Fig. 5: The key residues of SAP05 and GATA18 for their specific recognition and degradation.

a Sequence alignment of SAP05 homologs in divergent phytoplasmas. Identical residues are marked by lightblue background. The residues that directly interact with GATA18 are numbered and denoted by black triangles. The residues that cause steric hindrance are indicated by red frames. b ITC measurements of binding affinities of wild-type and mutant WBDLa SAP05 to AtGATA18. NB, no apparent binding under our experimental conditions. c Structural comparison of the effect of the substitution of Ile84 in OY-M SAP05 by Met86 in WBDLa SAP05 on steric hindrance. The corresponding residues are shown as spheres. d Structural comparison of the effect of the substitutions of Thr68 in OY-M SAP05 by Lys70 in WBDLa SAP05 on steric hindrance. e, f Western blot analysis of the degradation of AtGATA18 using purified human 26 S proteasomes in the presence of wild-type or double mutant WBDLa SAP05. Source data are provided as a Source Data file.
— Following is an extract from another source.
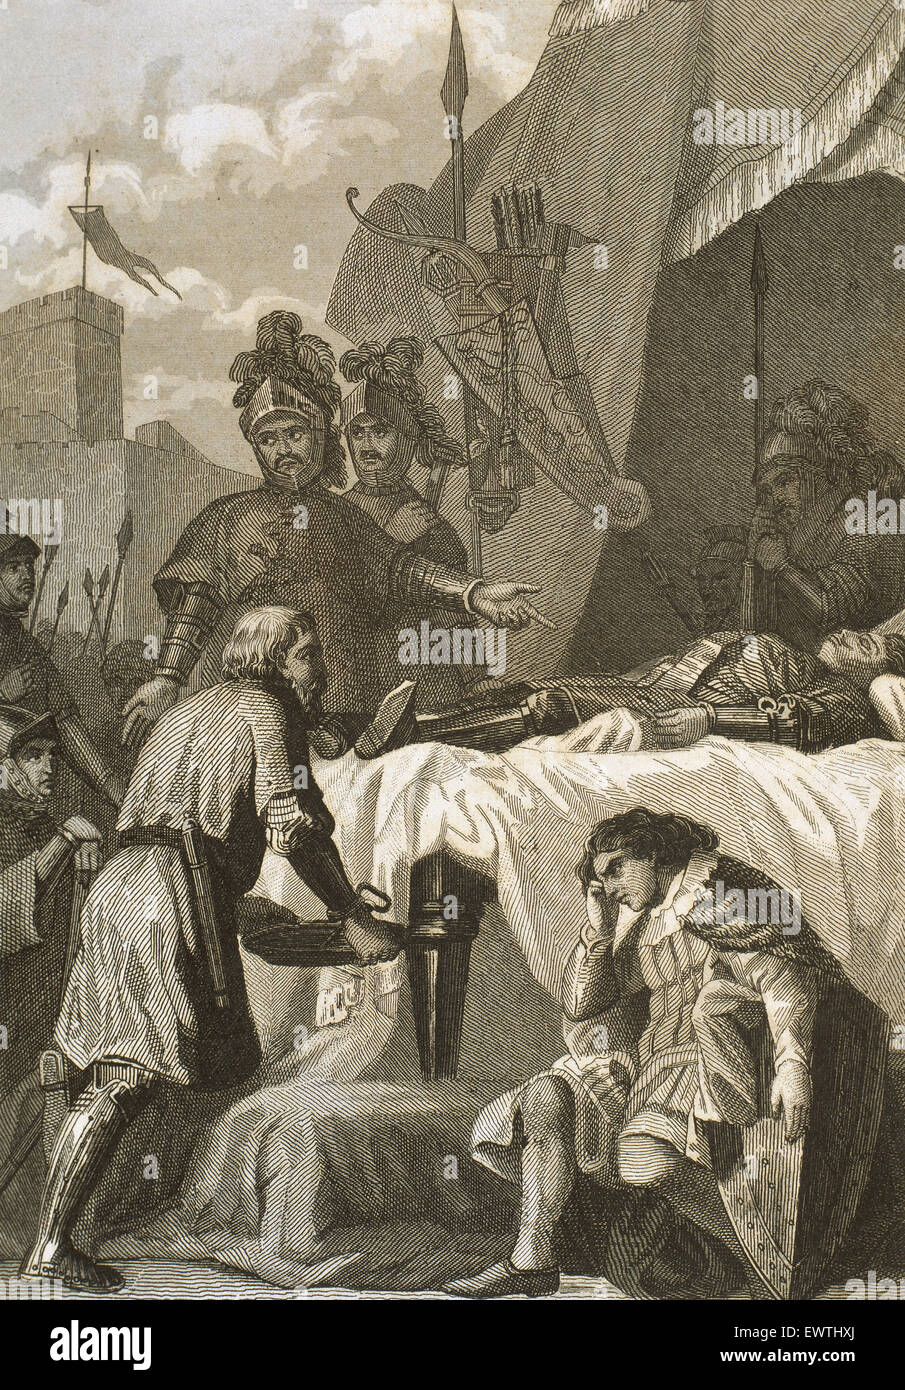 Rodrigo Diaz de Vivar (c.1043-1099), conosciuta come El Cid. Nobile castigliano, capo militare e diplomatico. La morte di El Cid. Incisione del XIX secolo. Foto Stock

Representative images, n = 3. g Quantification of the percentage of retained GST-GATA18 in the degradation assay, corresponding to (e, f) (Mean ± S.E.M.; n = 3 independent experiments). h Sequence alignment of GATA domains from A. thaliana and M. quadrilineatus. Residues directly involved in SAP05 interactions in the OY-M SAP05-AtGATA18 structure are numbered and denoted by black triangles. i Three positively charged residues of AtGATA18 rather than MqGATA form salt bridge interactions. j ITC measurement of binding affinity of OY-M SAP05 to wild-type and mutant MqGATA18 (Y-R, M-K, N-R). k, l Western blot analysis of OY-M SAP05-mediated degradation of wild-type or mutant MqGATA18 (Y-R, M-K, N-R). Source data are provided as a Source Data file. Representative images, n = 3. m Quantification of the percentage of retained GST-GATA18 in the degradation assay, corresponding to (k, l) (Mean ± S.E.M.; n = 2 or 3 independent experiments).